On the other hand, the benefits of edge inference are obvious: 1. The cost of service is greatly reduced. 2. User privacy is elevated by design, as all the processing runs on the device without data transmission between the server and the device. 3. It facilitates user interaction, as the absence of transmission reduces the latency. 4. Reduces the cycle time to build many novel CV-based applications as expensive infrastructure is not required.

This tutorial will introduce effective methodologies for re-designing algorithms for efficient content understanding, image generation, and neural rendering. Most importantly, we show how the algorithms can be efficiently deployed on mobile devices, eventually achieving real-time interaction between users and mobile devices.

Program

Introduction

Sergey Tulyakov

08:30 -
08:40

Keynote
PDF

Efficient Transformer-Based Vision Models

Introduction of the bottleneck for the state-of-the-art transformer-based vision models, i.e., high computation cost on mobile devices, and how to design efficient networks to solve these problems.

Jian Ren

08:40 -
09:10

Keynote
PDF

Efficient Text-to-Image Generation

Introduction of the recent advances in large-scale text-to-image generation models, and how to optimize them to enable mobile applications.

Jian Ren

09:10 -
09:45

Keynote
PDF

Efficient Object Rendering and the Mobile Applications

Introduction of the emerging efforts on neural rendering, especially for Neural Radiance Fields (NeRF). The challenges for deploying NeRF for real-time usages and how to alleviate such issues for building on-device real-time neural rendering.

Jian Ren,
Sergey Tulyakov

09:55 -
10:55

Keynote1
PDF1 Keynote2
PDF2

Efficient deployment on mobile devices

Methods for how to efficiently deploy the algorithms on mobile devices to build computer vision related applications.

Ju (Eric) Hu

11:05 -
11:50

Slides
PDF

Closing Remarks

Sergey Tulyakov

11:50 -
11:55

About the Speakers

Jian Ren is a Lead Research Scientist in the Creative Vision team at Snap Research. His research focuses on content understanding, image and video generation and manipulation, and methods of designing efficient neural networks for the former two areas. His works result in 20+ papers published in top-tier conferences (CVPR, ICCV, ECCV, ICLR, NeurIPs, ICML) and patents contributing to multiple products. He got Ph.D. in Computer Engineering from Rutgers University in 2019 and a B.S. from the University of Science and Technology of China in 2014. Before joining Snap Inc, Jian did internships in Adobe, Snap, and Bytedance.

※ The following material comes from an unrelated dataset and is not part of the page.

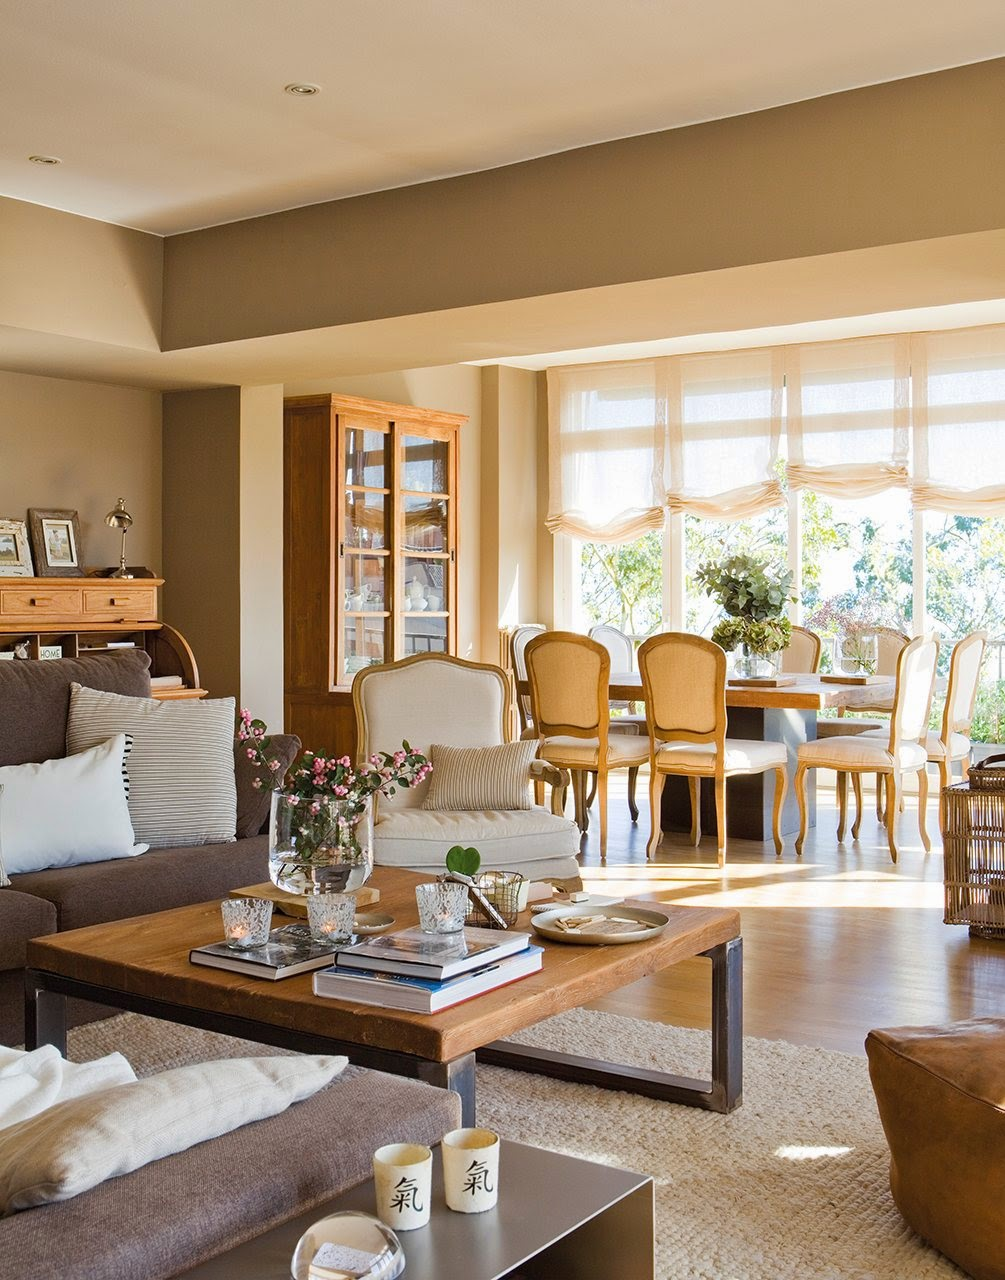 Penthouse n tonuri neutre jurnal de design interior for Comedor que se hace grande

Sergey Tulyakov is a Principal Research Scientist at Snap Inc, where he leads the Creative Vision team. His work focuses on creating methods for manipulating the world via computer vision and machine learning. This includes human and object understanding, photorealistic manipulation and animation, video synthesis, prediction and retargeting. He pioneered the unsupervised image animation domain with MonkeyNet and First Order Motion Model that sparked a number of startups in the domain. His work on Interactive Video Stylization received the Best in Show Award at SIGGRAPH Real-Time Live! 2020. He has published 30+ top conference papers, journals and patents resulting in multiple innovative products, including Snapchat Pet Tracking, OurBaby, Real-time Neural Lenses (gender swap, baby face, aging lens, face animation) and many others. Before joining Snap Inc., Sergey was with Carnegie Mellon University, Microsoft, NVIDIA. He holds a PhD degree from the University of Trento, Italy.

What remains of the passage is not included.